Underpinning may be accomplished by extending the foundation in depth or breadth so it either rests on a more supportive soil stratum or distributes its load across a greater area. Use of micropiles and jet grouting are common methods in underpinning. An alternative to underpinning is the strengthening of the soil by the introduction of a grout, including expanding urethane-based engineered structural resins.
Underpinning may be necessary where P class (problem) soils in certain areas of the site are encountered.
'Traditional underpinning,' the mass concrete underpinning method is nearly 100 years in age, and the protocol has not changed. This underpinning method strengthens an existing structure's foundation by digging boxes by hand underneath and sequentially pouring concrete in a strategic order. The result is a foundation built underneath the existing foundation. This underpinning method is generally applied when the existing foundation is at a shallow depth, but works well up to fifty feet (fifteen meters) deep. The method has not changed since its inception with its use of utilitarian tools such as shovels and post hole diggers. Heavy machinery is not employed in this method due to the small size of the boxes being dug. There are several advantages to using this method of underpinning, including the simplicity of the engineering, the low cost of labor, and the continuity of the structure's use during construction.
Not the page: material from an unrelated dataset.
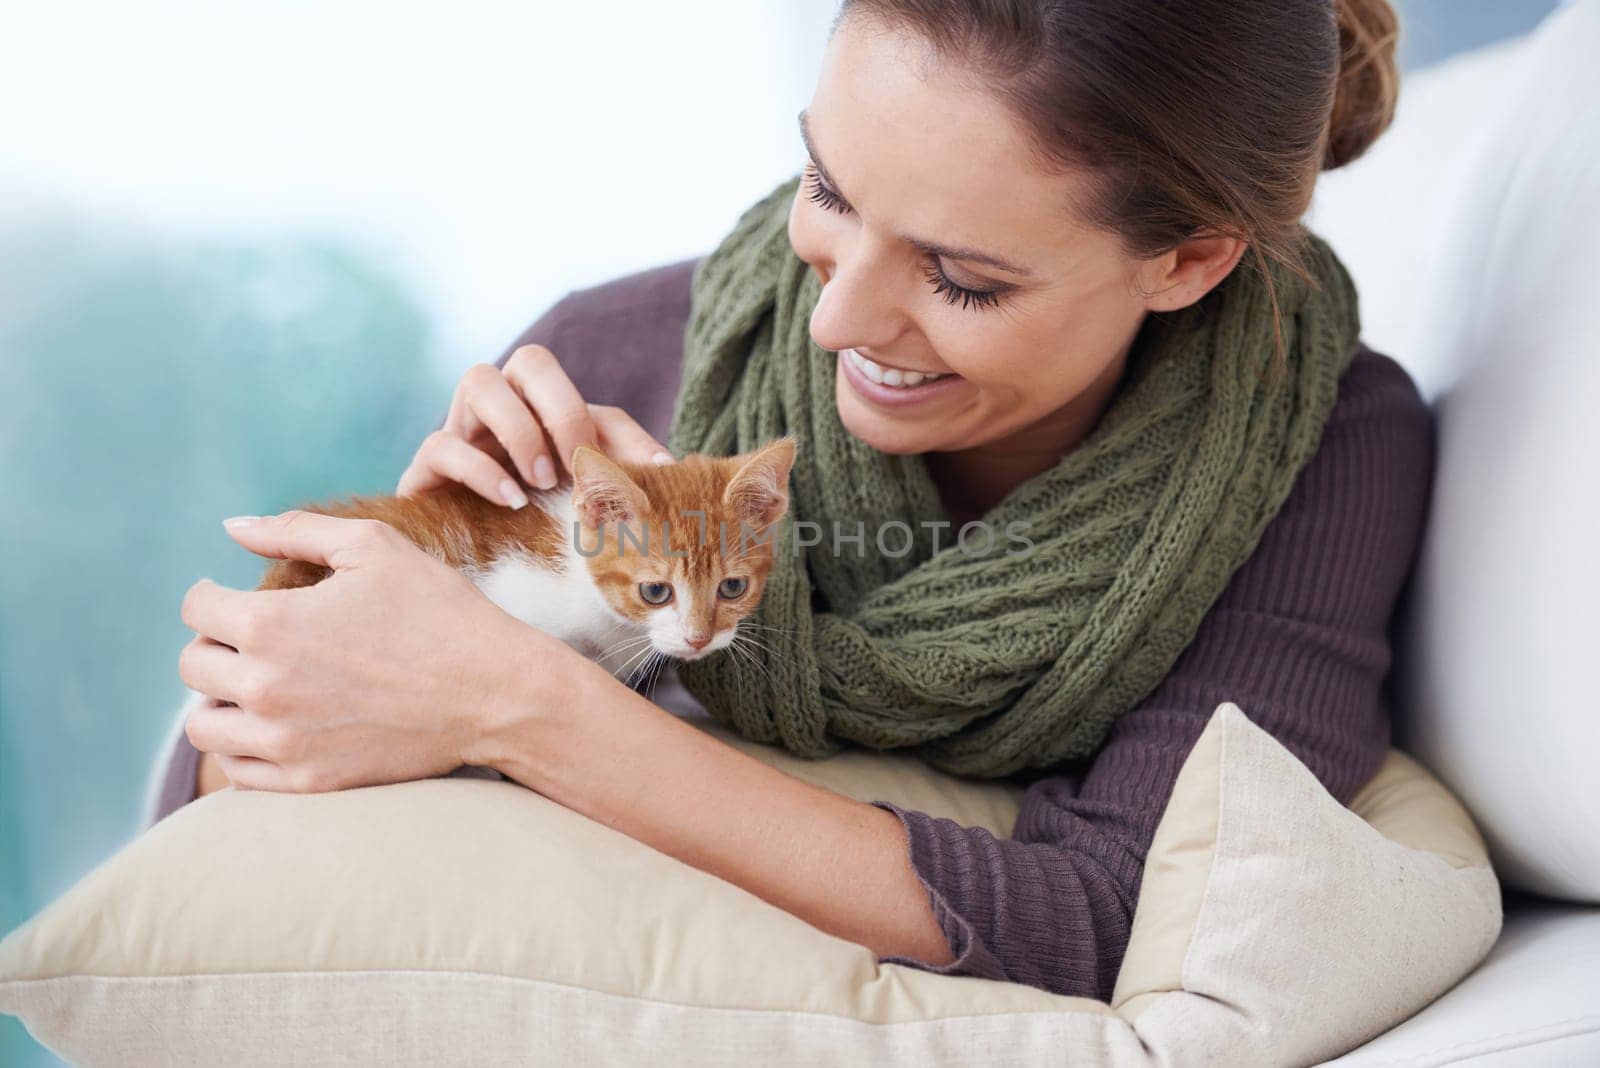 Happy, sofa and woman with kitten in home for bonding, friendship and relax together in house. Animal care, pets and person with adorable, cute and young cat on couch for playing, affection and love.

The beam and base method of underpinning is a more technically advanced adaptation of traditional mass concrete underpinning. A reinforced concrete beam is constructed below, above or in replacement of the existing footing. The beam then transfers the load of the building to mass concrete bases, which are constructed at designed strategic locations. Base sizes and depths are dependent upon the prevailing ground conditions. Beam design is dependent upon the configuration of the building and the applied loads. Anti-heave precautions are often incorporated in schemes where potential expansion of clay soils may occur.
Mini-piles have the greatest use where ground conditions are variable, where access is restrictive, where environmental pollution aspects are significant, and where structural movements in service must be minimal. Mini-piled underpinning is generally used when the loads from the foundations need to be transferred to stable soils at considerable depths - usually in excess of 5 m (16 ft). Mini-piles may either be augured or driven steel cased, and are normally between 150 mm (5.9 in) and 300 mm (12 in) in diameter. Structural engineers will use rigs which are specifically designed to operate in environments with restricted headroom and limited space, and can gain access through a regular domestic doorway. They are capable of constructing piles to depths of up to 15 m (49 ft). The technique of minipiling was first applied in Italy in 1952, and has gone through many different names, reflecting worldwide acceptance and expiration of the original patents.
The relatively small diameter of mini-piles is distinctive of this type of underpinning and generally uses anchoring or tie backs into an existing structure or rock. Conventional drilling and grouting methods are used for this method of underpinning. These mini-piles have a high slenderness ratio, feature substantial steel reinforcing elements and can sustain axial loading in both senses. The working loads of mini-piles can sustain up to 1,000 kN (100 long tons-force; 110 short tons-force) loads.
In comparison to Mass Concrete Underpinning, the engineering aspect of mini-piles is somewhat more involved, including rudimentary engineering mechanics such as statics and strength of materials. These mini-piles must be designed to work in tension and compression, depending on the orientation and application of the design. In detail, attention with design must be paid analytically to settlement, bursting, buckling, cracking, and interface consideration, whereas, from a practical viewpoint, corrosion resistance, and compatibility with the existing ground and structure must be regarded.
Mini-piled underpinning schemes include pile and beam, cantilever pile-caps and piled raft systems. Cantilevered pile-caps are usually used to avoid disturbing the inside of a building, and require the construction of tension and compression piles to each cap. These are normally linked by a beam. The pile and beam system usually involves constructing pairs of piles on either side of the wall and linking them with a pile cap to support the wall. The pile caps are usually linked by reinforced concrete beams to support the entire length of the wall. Piled raft underpinning systems are commonly used when an entire building needs to be underpinned. The internal floors are completely removed, a grid of piles is installed, and a reinforced concrete raft is then constructed over the complete floor level, picking up and fully supporting all external and internal walls.
A mix of structural resins and hardener is injected into foundation ground beneath footings. On entering the ground the resin and hardener mix and expansion occurs due to a chemical reaction. The expanding structural resin mix fills any voids and crevices, compacts any weak soil and then, if the injection is continued, the structure above may be raised and re-levelled. This relatively new method of underpinning has been in existence for approximately 30 years, and because it does not involve any construction or excavation set-up, is known to be a clean, fast and non-disruptive underpinning method.